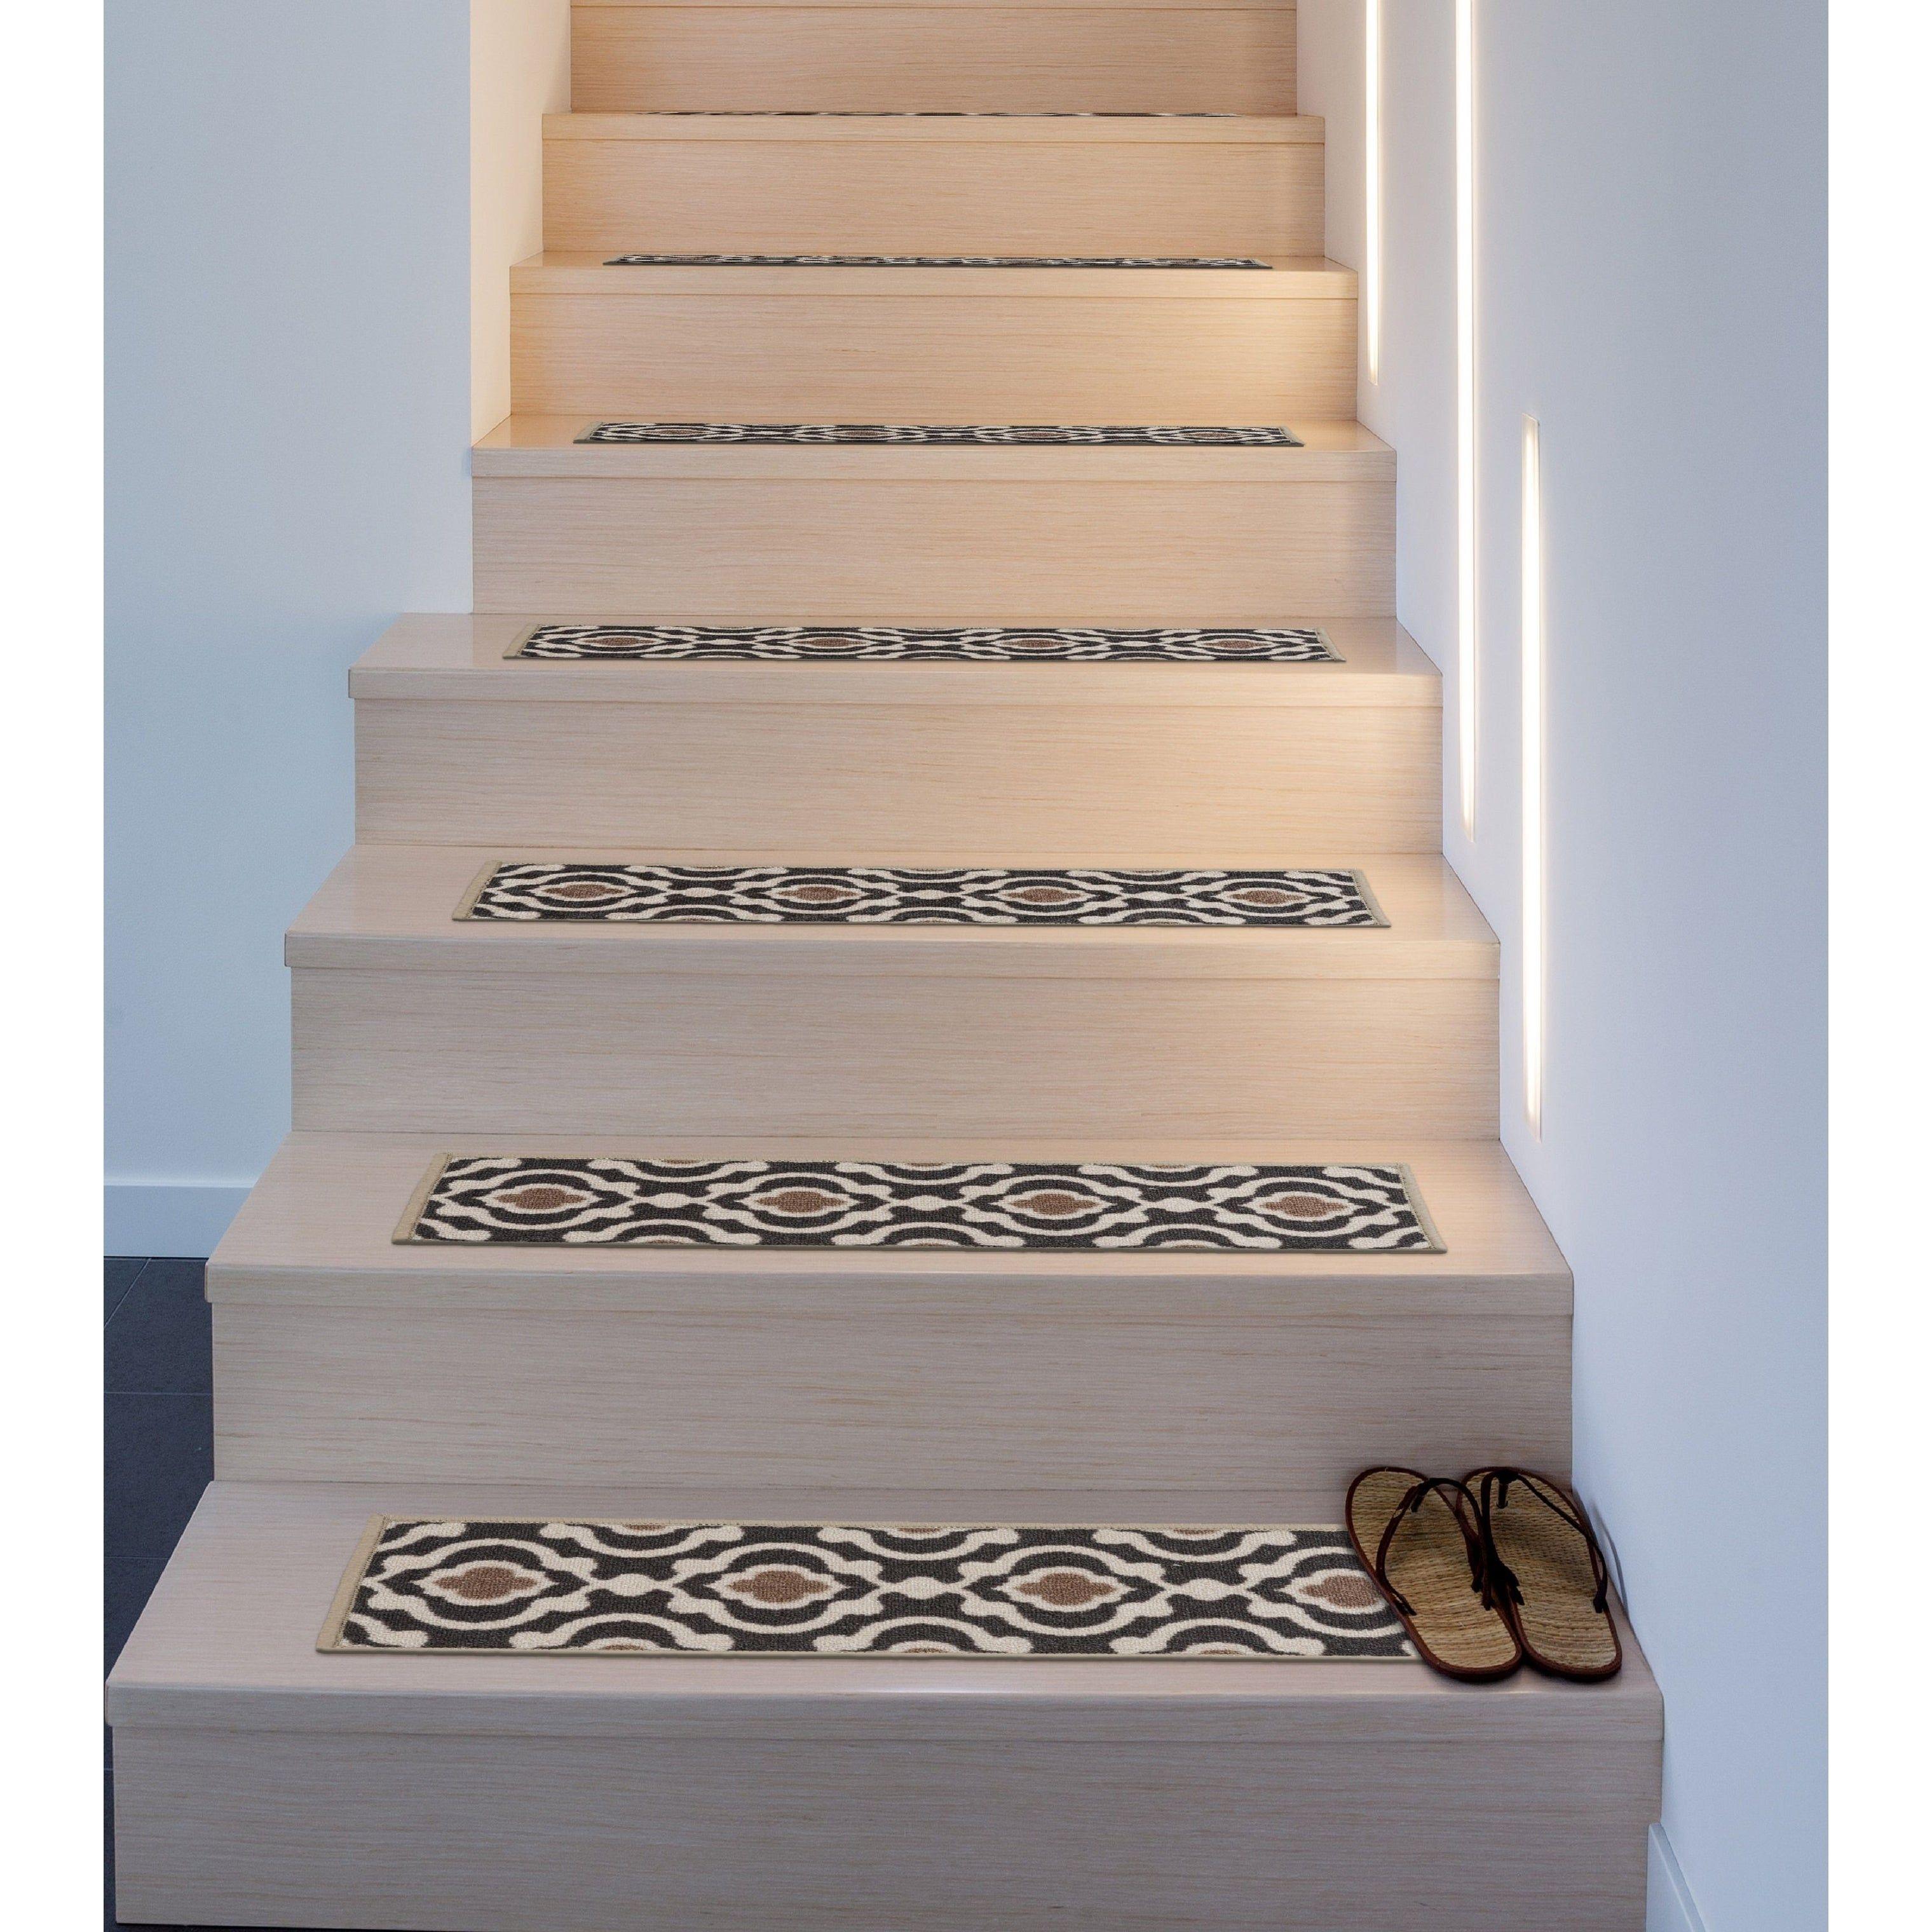 Modern Moroccan Trellis Non Slip Stair Treads 8 6 X 26 Set Of | Rug Stair Treads Non Slip | Bullnose Carpet | Gloria Rug | Slip Resistant | Tread Covers | Flooring
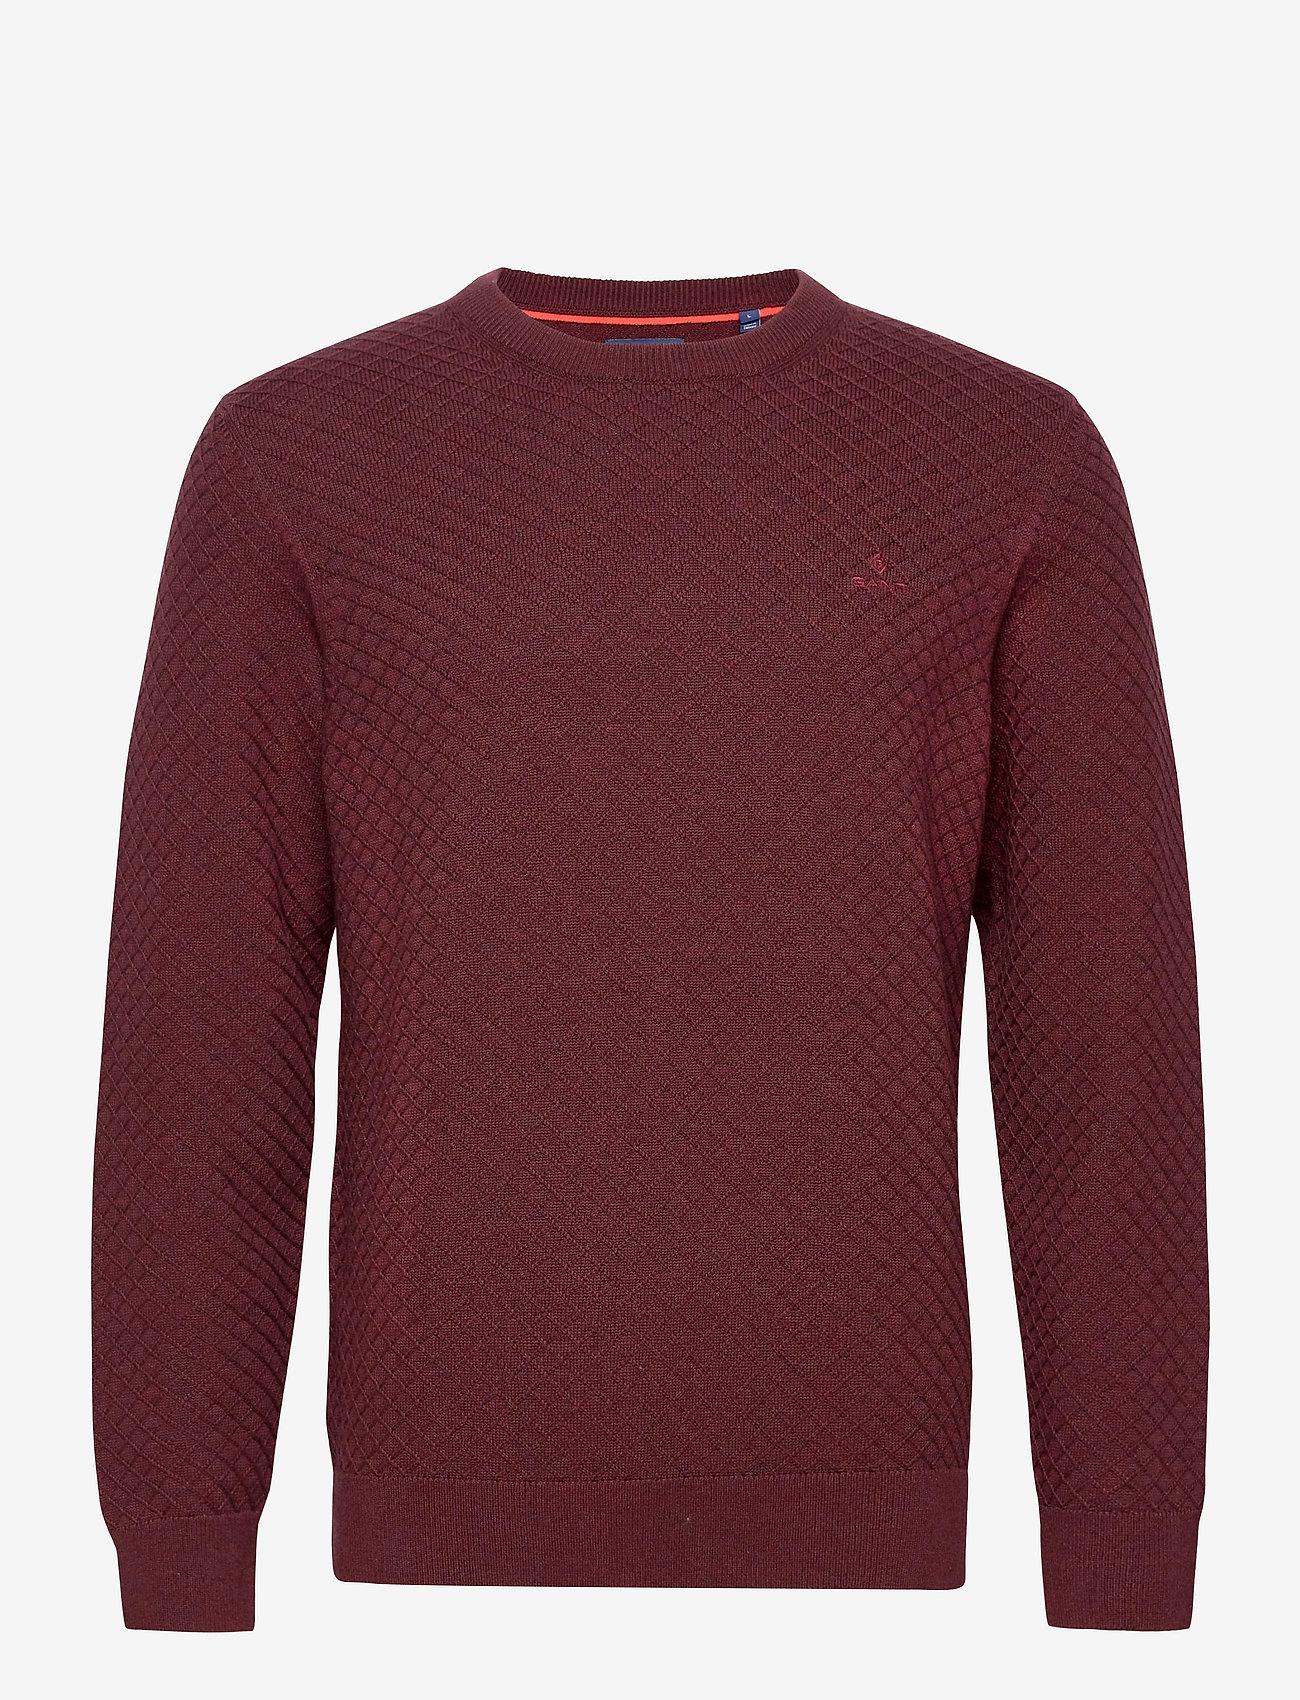 GANT - D1. COTTON TEXTURE CREW - basic knitwear - dk. burgundy mel - 0
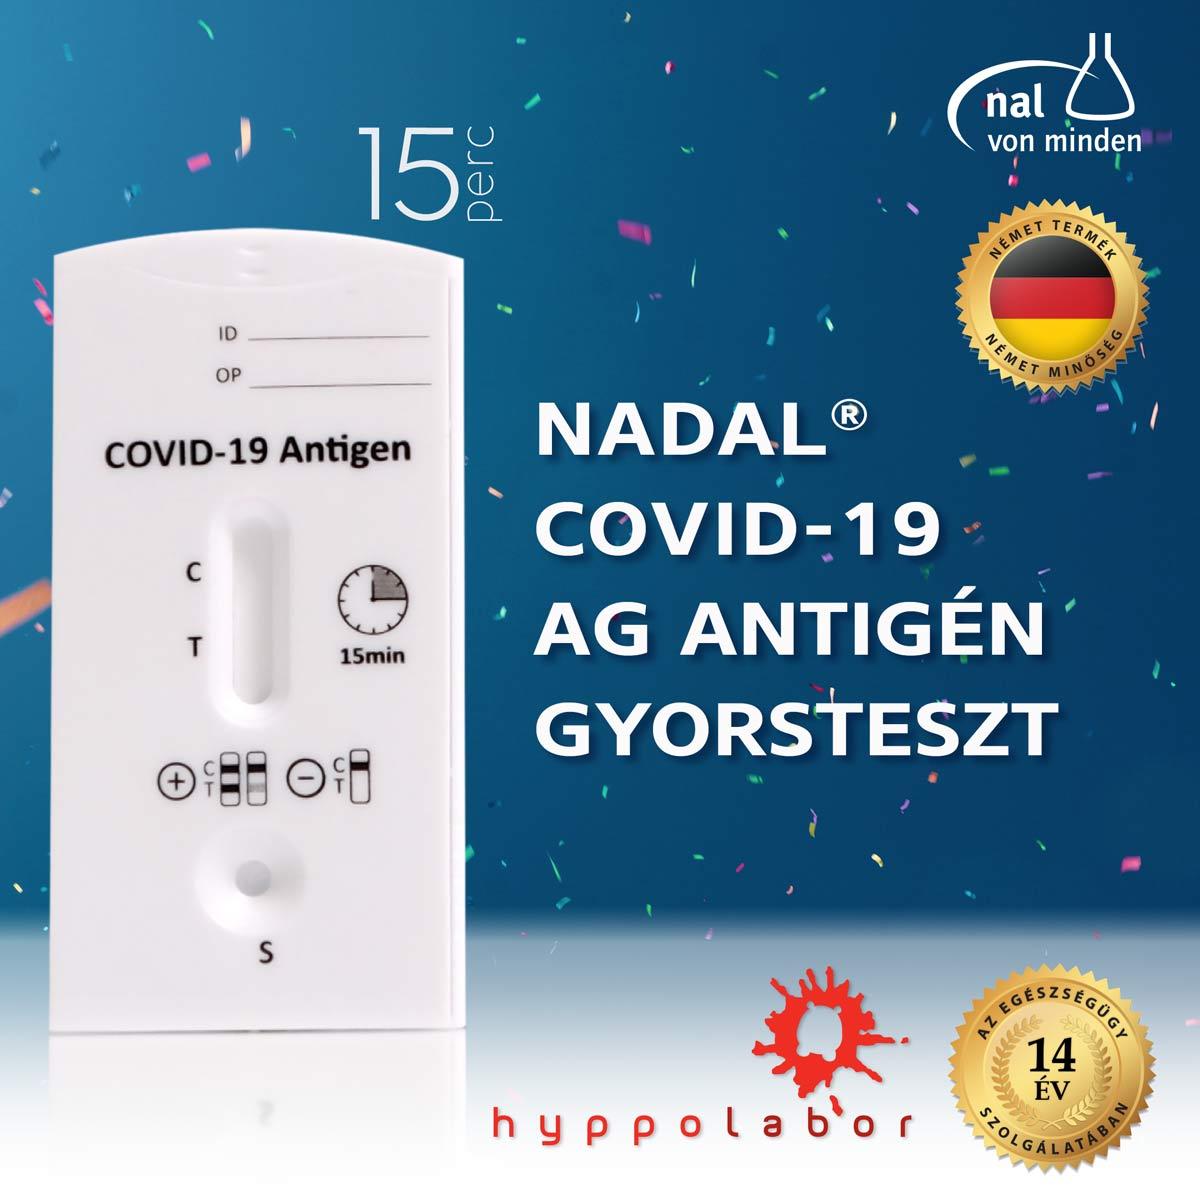 NADAL® COVID-19 AG ANTIGÉN GYORSTESZT - HYPPOLABOR NADAL® COVID-19 Ag antigén gyorsteszt
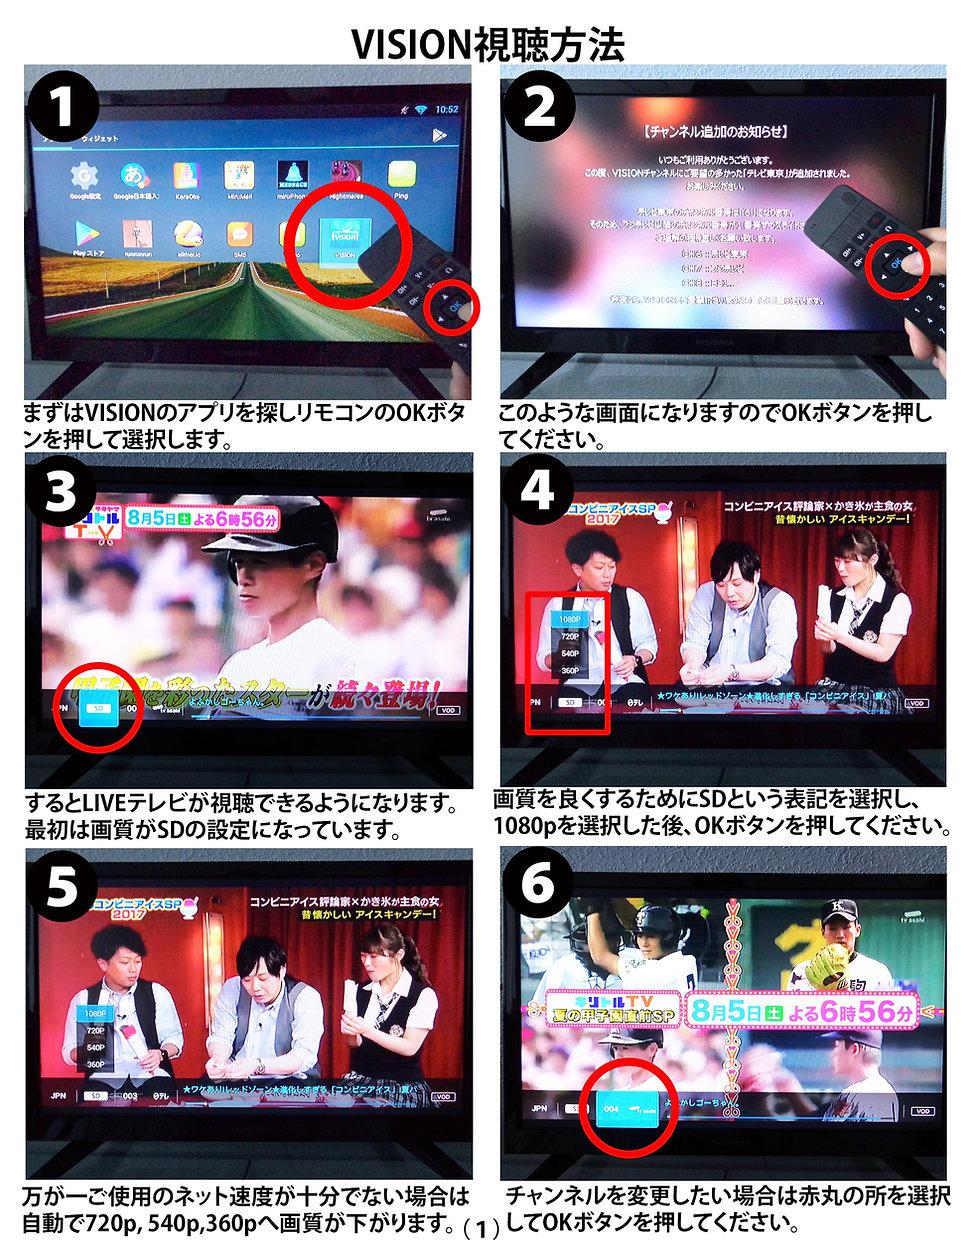 Vision視聴方法1.jpg

====

## Exercise brief
Excluding images, output exactly the lines from the one that holds "NADAL® COVID-19 AG ANTIGÉN GYORSTESZT - HYPPOLABOR" through the final line of the material, both ends included.

## Result of the task
 NADAL® COVID-19 AG ANTIGÉN GYORSTESZT - HYPPOLABOR NADAL® COVID-19 Ag antigén gyorsteszt
 Vision視聴方法1.jpg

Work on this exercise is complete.